Use Llama2 as an MLflow Model
This article outlines a method for registering Meta’s Llama2 model as an MLflow model. We can then use the registered MLflow model for two tasks — chat and embedding generation.
The reason to do this is to enjoy the benefits of MLflow Model Management such as model sharing with colleagues, authorization for such sharing, model lifecycle management such as putting model versions in staging, production, archived state, etc.
The model and software packages that I am going to use for this purpose are:
- Llama 2 Model and free license from Meta
- llama.cpp open source project and its python binding
- Custom MLflow pyfunc model that I developed for this purpose
The first half of this article is an explanation of these three components, and the second half is step by step instructions for implementing this design.

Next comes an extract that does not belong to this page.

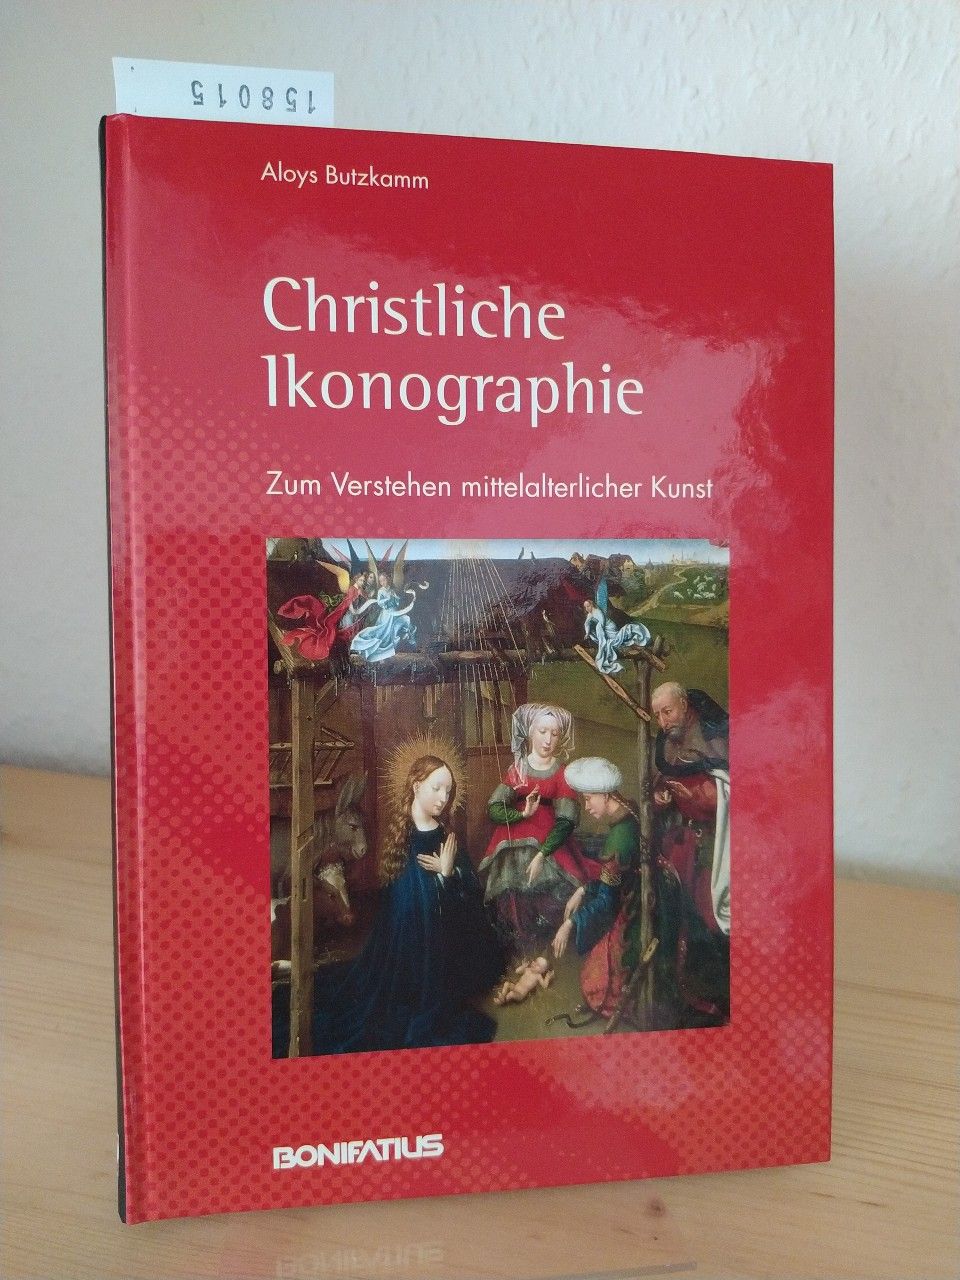 Christliche Ikonographie. Zum Verstehen mittelalterlicher Kunst. [Von Aloys Butzkamm]. - Butzkamm, Aloys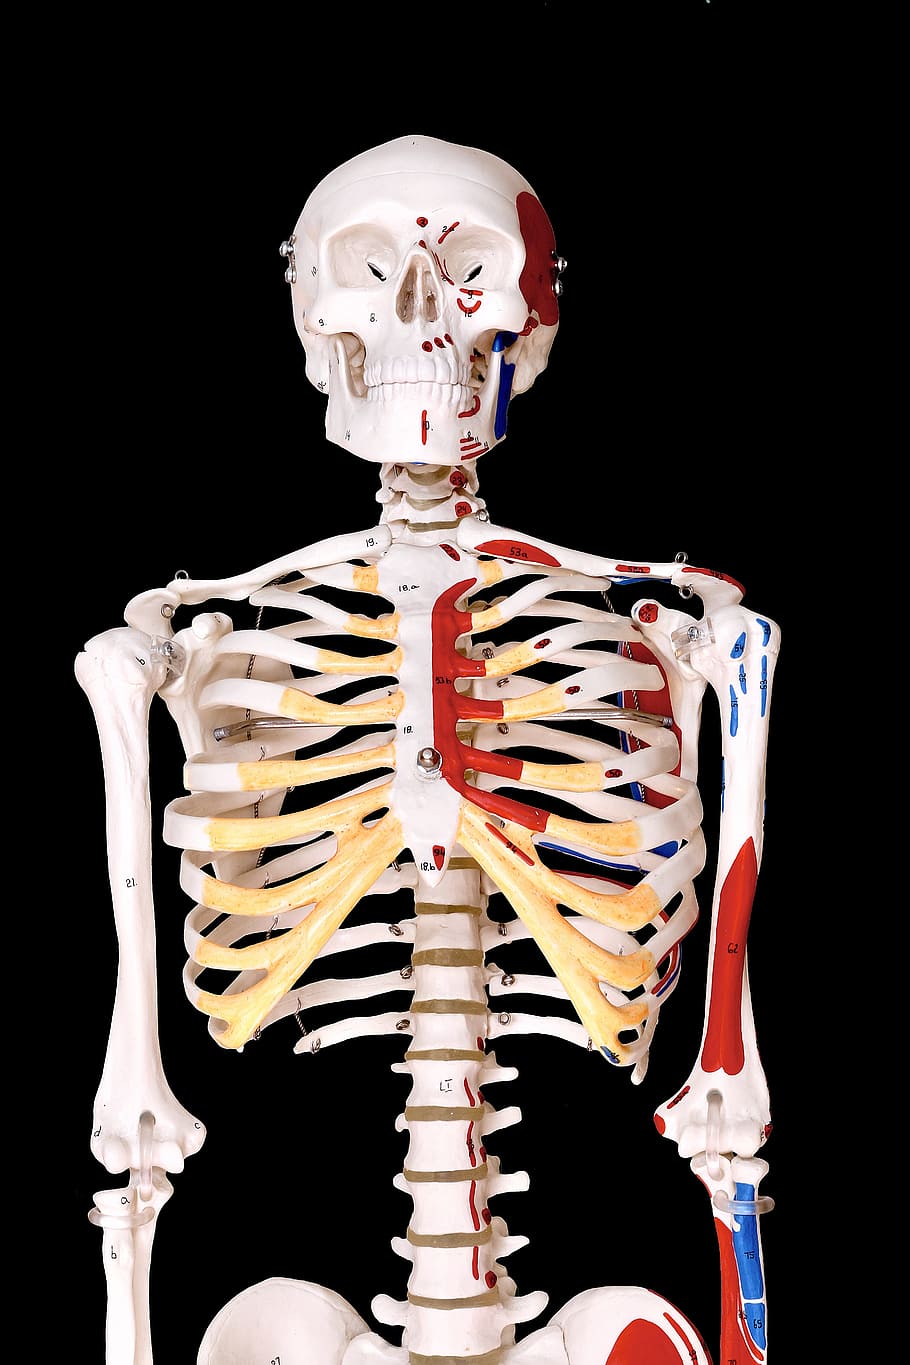 スケルトン, 人間, モデル, 物理学, 解剖学, 骨, 人間の骨格, 人間の骨, 黒背景, 人体の一部

Meta’s Llama2 Model, llama.cpp and MLflow
Meta’s Llama2 model is a high quality LLM with free licensing that permit commercial use. The only two restrictions are that the monthly active user count cannot be over 350M and the results of Llama2 inference may not be used for training other models.
llama.cpp is a nice piece of software useful for LLM inference projects. Quoting from llama.cpp’s website ‘The main goal of llama.cpp
is to run the LLaMA model using 4-bit integer quantization on a MacBook’
The combination of Meta’s Llama2 models and llama.cpp is very useful. You can run something similar to ChatGPT in your own laptop/desktop. So, where does MLflow fit in the picture?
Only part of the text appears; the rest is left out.